One useful piece of information gleaned from this is how much RAM is being consumed when xmlsitemap runs and rebuilds everything: ~108M.

Here's another run where it ran out of memory because notifications fired off at the same time:

16:41:55: before (5,673.695 K) calling notifications_cron
16:42:12: after (28,676.695 K)
...
16:42:54: before (43,745.867 K) calling xmlsitemap_cron
Out of memory.

I ran it again without any notifications firing, and it completed fine. This also shows that the xmlsitemap_engine module is not the issue:

16:45:04: before (18,595.578 K) calling xmlsitemap_cron
16:45:20: after (129,496.797 K)
16:45:20: before (129,497.141 K) calling xmlsitemap_engines_cron
16:45:22: after (129,517.250 K)
16:45:22: before (129,517.250 K) calling xmlsitemap_node_cron
16:45:22: after (129,407.430 K)

Something else of interest. The module breaks things into "chunks". I had assumed that each chunk would take roughly the same amount of RAM, but that's not the case:

16:48:02: before (17,776.477 K) calling xmlsitemap_cron
0 of 91, using 17,947.516 K
1 of 91, using 17,948.141 K
2 of 91, using 128,705.234 K
3 of 91, using 128,705.430 K
4 of 91, using 128,705.859 K
...
89 of 91, using 128,722.492 K
90 of 91, using 128,722.688 K
16:48:09: after (128,725.813 K)

These numbers show the memory usage before calling xmlsitemap_generate(), so it was the second chunk "#1" that used all the memory.
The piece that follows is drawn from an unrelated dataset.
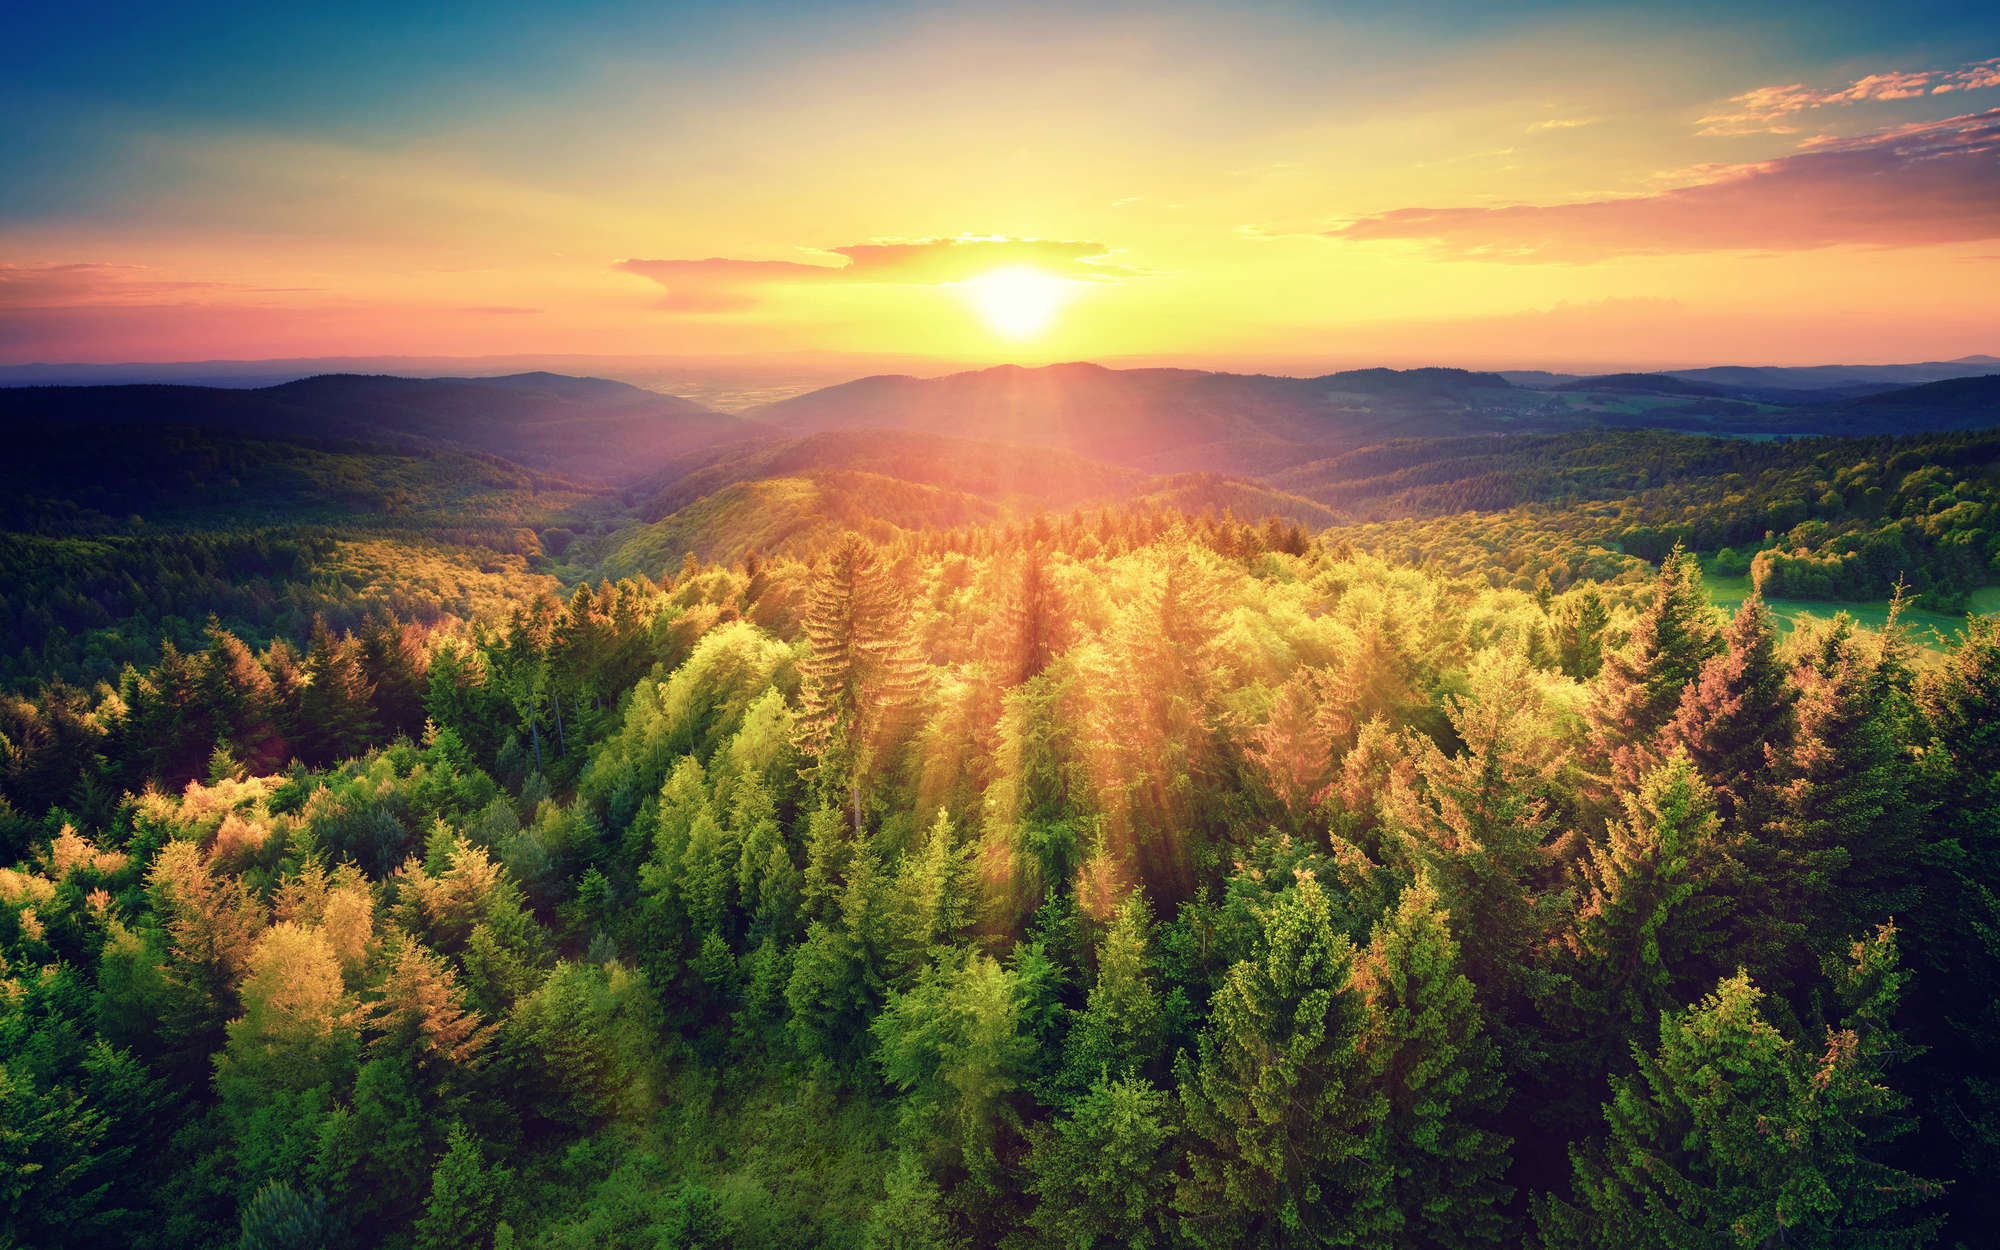             Natur Fototapete Wald im Sonnenuntergang – Perlmutt Glattvlies

Based on this information, we'll need to set php.ini to just above 150M for it to always run successfully.

dave reid’s picture

I had been working on a kind of PHP memory limit calculator based on the number of url aliases and the chunk size. Using over-estimates, for the numers you provided in #2 my figures said about 170MB would be needed, so 150MB for the "real" necessary memory limit seems about right. I was thinking about adding a hook_requirements check to warn people how much memory will be needed when cron is run. Does that seem reasonable or would you have any other ideas Kevin? I'm sure I can figure out how to reduce the memory limit a little, but it's such an expensive operation to run.

dave reid’s picture

It also makes sense that the first chunk to be generated is the index file, so that won't take a lot of memory. After the first actual page has been generated, we have fetched all the alises from {url_alias} and so that's why the memory usage has jumped up substantially.

dave reid’s picture

Status: Active » Fixed

I just committed the optimial memory limit calculator and changer (if set_time_limit() works) as a part of http://drupal.org/cvs?commit=230920. The module will also add some memory limit debugging info for the xmlsitemap regeneration. I'm going to mark this as fixed.

Status: Fixed » Closed (fixed)

Automatically closed -- issue fixed for 2 weeks with no activity.